Implement an FFT on a Multicore Processor and an FPGA
This example shows you how to take advantage of a multicore processor target with FPGA acceleration by graphically partitioning a model. This example requires Simulink Coder™ to generate multi-threaded code and HDL Coder™ to generate HDL code. You cannot generate HDL code on Macintosh systems.
Several modern processors include multicore processors integrated with FPGA components to create high-performance applications. These require multicore and FPGA programming, including programming of parallel threads, HDL, and communication interfaces between the cores of the system. Simulink™ allows you to take advantage of these approaches by graphically partitioning your algorithms and by assigning the software generated from those partitions to threads on your processor and to modules on your FPGA. The example uses one application level model to generate one executable, consisting of multiple threads and HDL code, to take advantage of the hardware parallelism of the FPGA. This is illustrated in the figure below.
Load the example model:
All concurrent execution settings for this model can be accessed in the Concurrent Execution dialog box (Configuration Parameters>Solvers>Configure Tasks).
The first step to implement our algorithm is to define structural elements of our target architecture. This includes structural elements of the hardware, such as the number and type of processing nodes (CPU, FPGA) and the communication channels (AXI, PCI).
This also includes software settings in the model's Configuration Parameters (e.g. System Target File, hardware Implementation, data transfer settings). In this example we have selected the pre-configured target architecture 'Sample architecture'. This architecture uses your desktop as a stand-in for the deployment process.
Partitioning and Mapping the Model
Partition the model to decide which functions run sequentially and which run concurrently.
The example model is partitioned explicitly, consisting of MATLAB System blocks, a Model block, an Atomic Subsystem and an Outport block. Explicit partitioning creates partitions based on these blocks at the root-level of the model. Implicit partitioning, on the other hand, creates partitions based on the block sample times and other scheduling constraints.

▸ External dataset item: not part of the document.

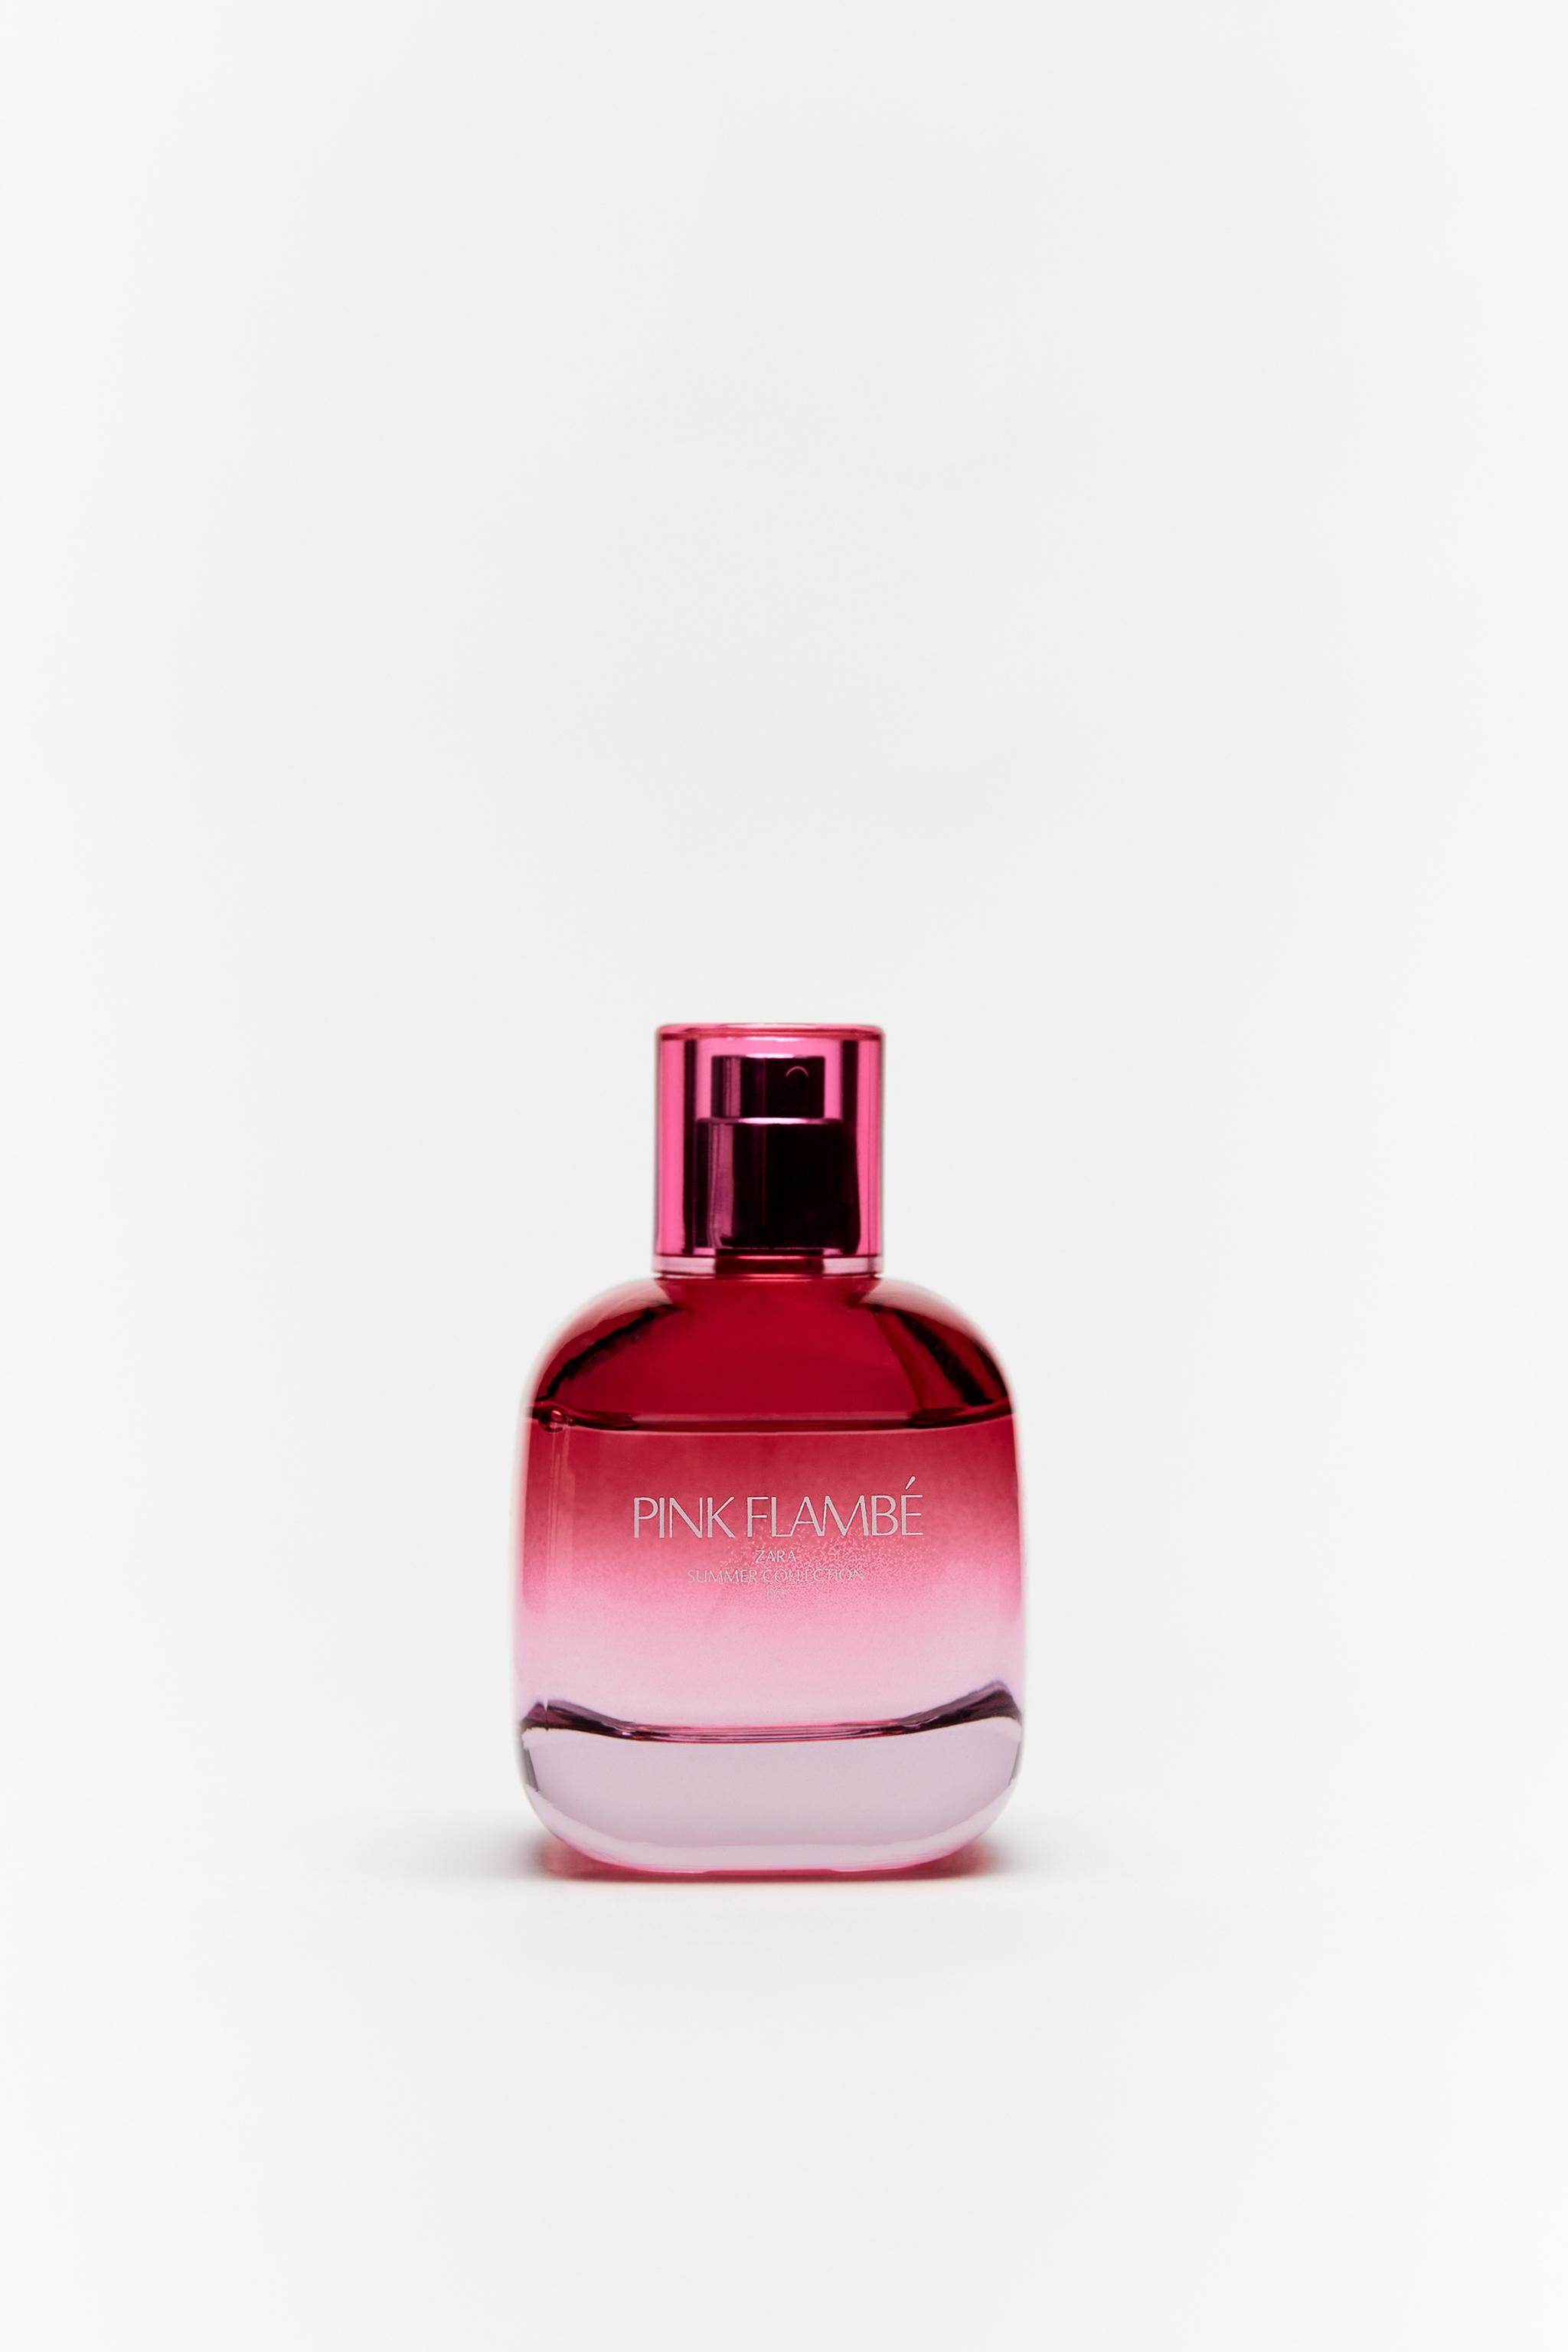 Zara Rose New Collection Edt Fragrance Eau De Toilette Women 90ml 3.04 oz  new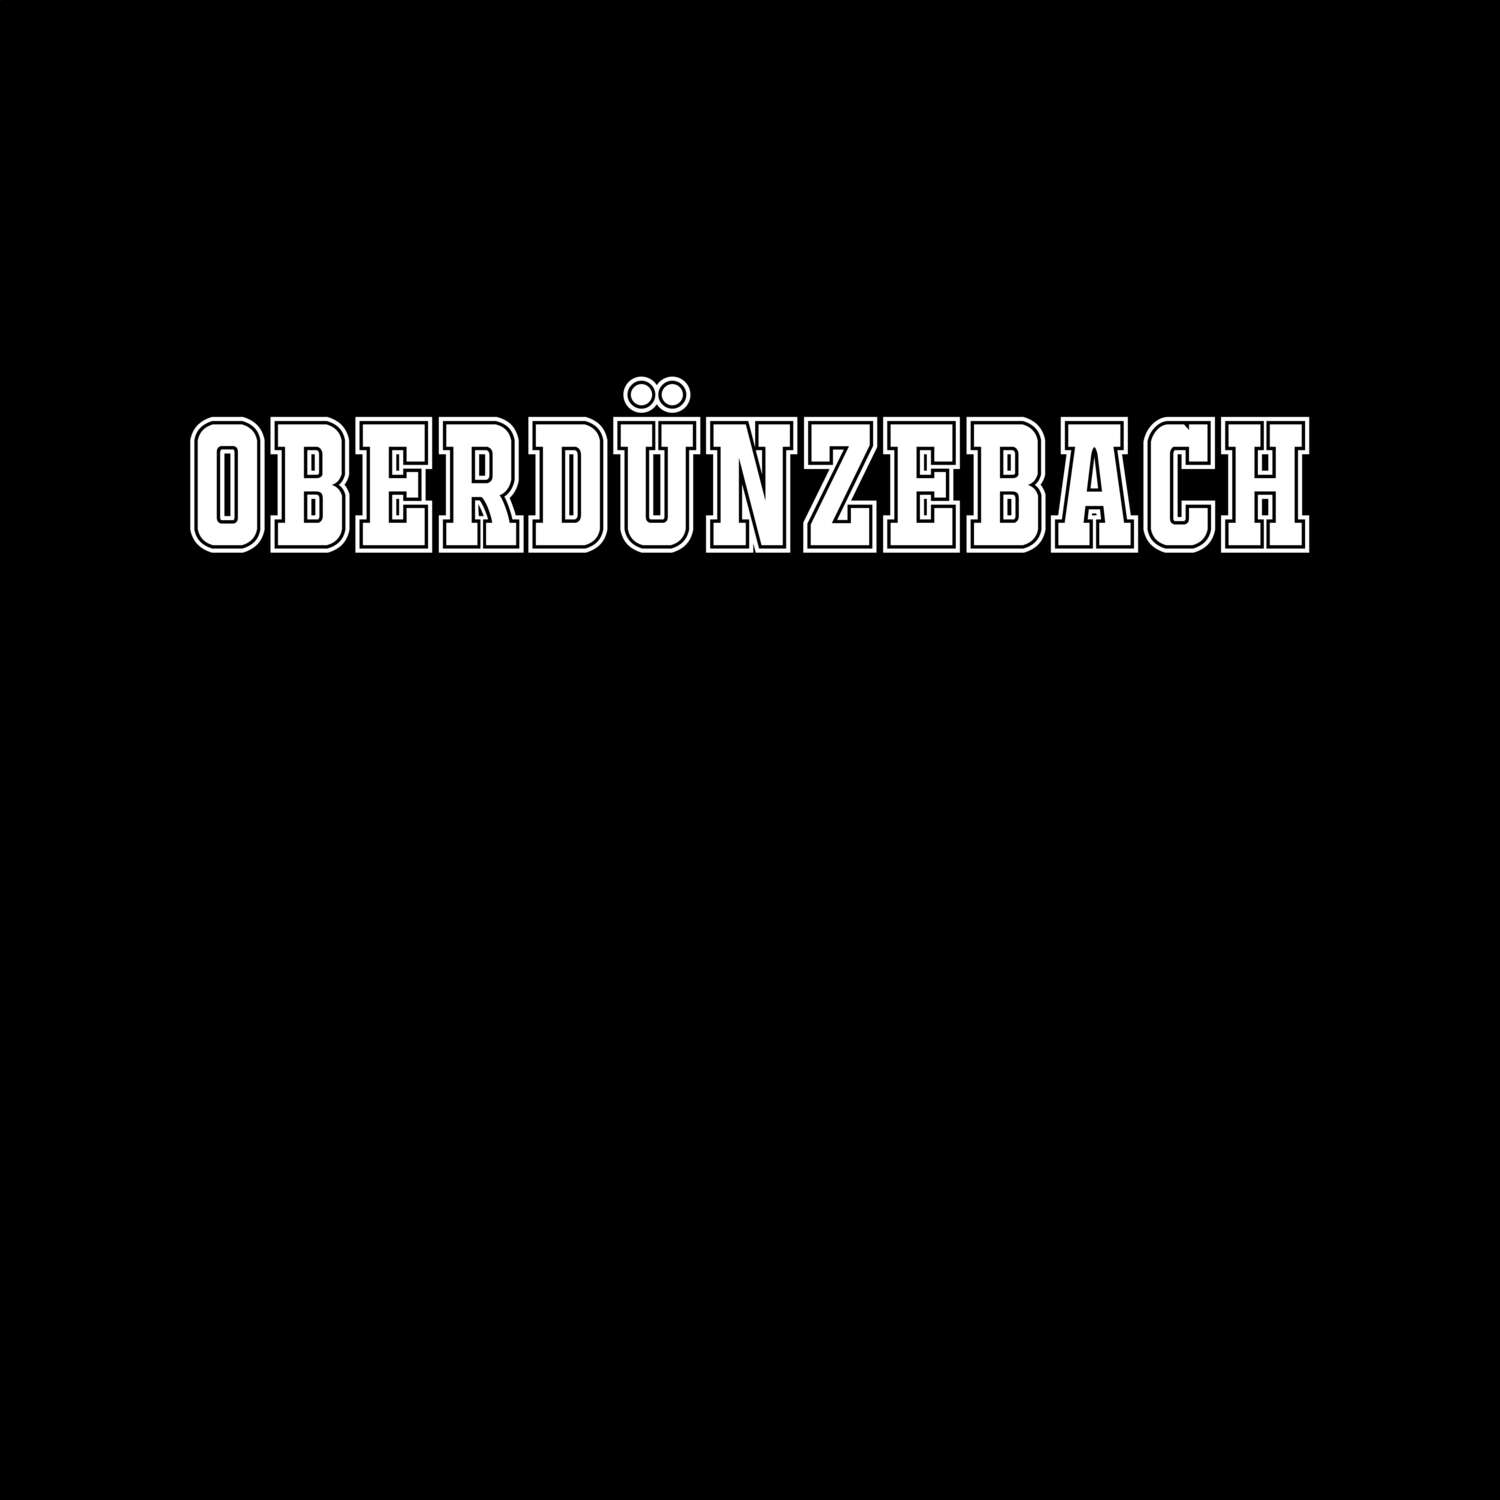 Oberdünzebach T-Shirt »Classic«

After partitioning the model, you can map partitions to CPU tasks and FPGA nodes. You can change the mapping for design space exploration, through the GUI or the API. During mapping, signals will be auto-mapped to channels.
You can change how the blocks are mapped to the threads and to the FPGA in the Concurrent Execution dialog box. For more information, see Optimize and Deploy on a Multicore Target.
Generate Multithreaded and HDL Code
Double-click on the 'Generate Code and Profile Report' button to generate multithreaded code. In this example, the host computer replaces the target environment. C code is generated for blocks mapped to processor tasks. This code is organized using threads native to the desktop machine. The code snippet shows how threads are created. In addition, HDL code is generated for blocks mapped to hardware nodes. The code snippet below illustrates how the module/entity is created in VHDL.